The blood drained from Lettie’s face. She dropped the shell to the table as
if it had been a scorpion. A locust and a thorn, left attached to her where the man who had entered the room had touched her last. They were symbols of the man known simply as the Thorn, the vicious murderer who had killed her brother, the man she had come South to find.
The name rose unbidden to her lips, a soft whisper.
“It must have been him the hounds were after,” Aunt Em said in agreement.

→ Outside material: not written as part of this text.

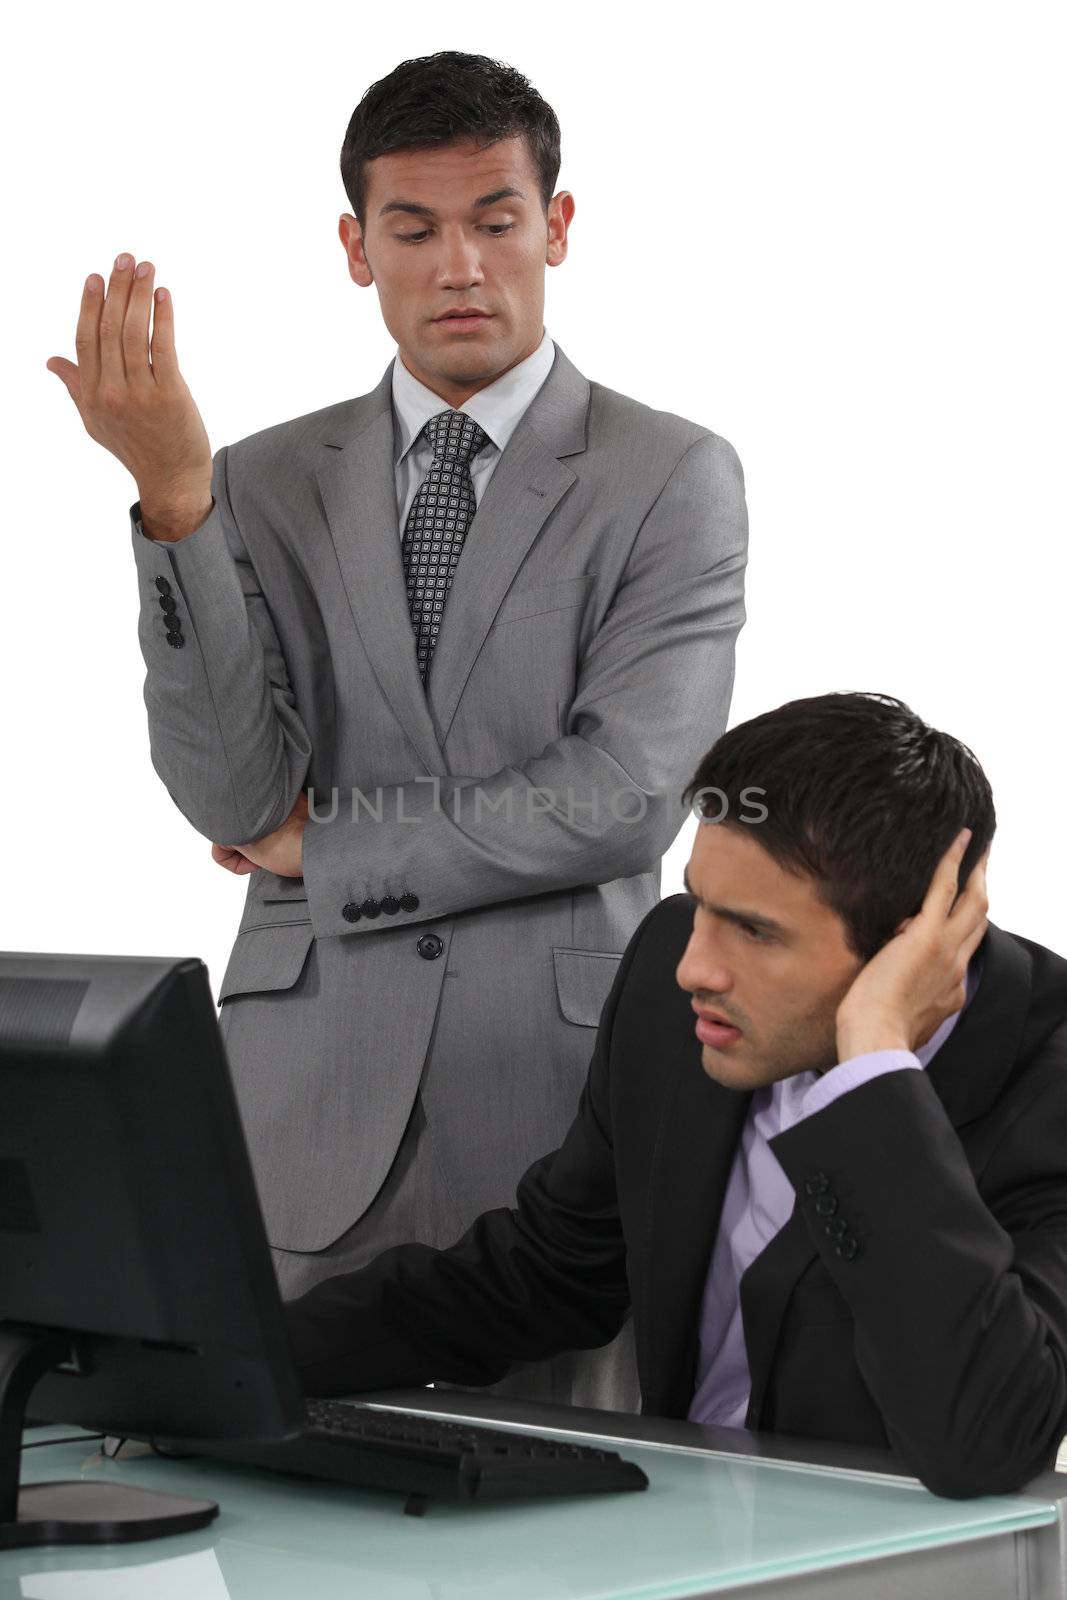 Businessmen having a difficult conversation by phovoir

“Yes.” Somehow, Lettie had not connected the man with the pursuit by the Union troops and their bloodhounds. It seemed obvious now. He had given his pursuers the slip by some trick and doubled back, looking for a place to hide. He must have thought he had found it until he discovered her. She had been close, so close to him. He had held her, kissed her. She raised the back of her hand to her lips, wiping them in sudden disgust.
“He might have killed me,” she said in strained tones, “or — or worse.”
“Oh, no, my dear! Never think such a thing!”
“But I’ve heard such stories!”
Aunt Em shook her head. “I don’t know what you’ve heard, or where such things get started for that matter, but the Thorn has done as much good as harm around here. I can’t believe he would hurt a woman.”
“You can’t know that,” Lettie protested. “The soldiers were after him. That must mean something.”
“Humph. Probably means their officers needed something to keep them busy.”
A quiet knock fell on the bedchamber door that Aunt Em had left standing ajar as she entered. Two people appeared in the opening, a man and a young boy. Lettie, her nerves still disordered, looked up quickly as the man spoke.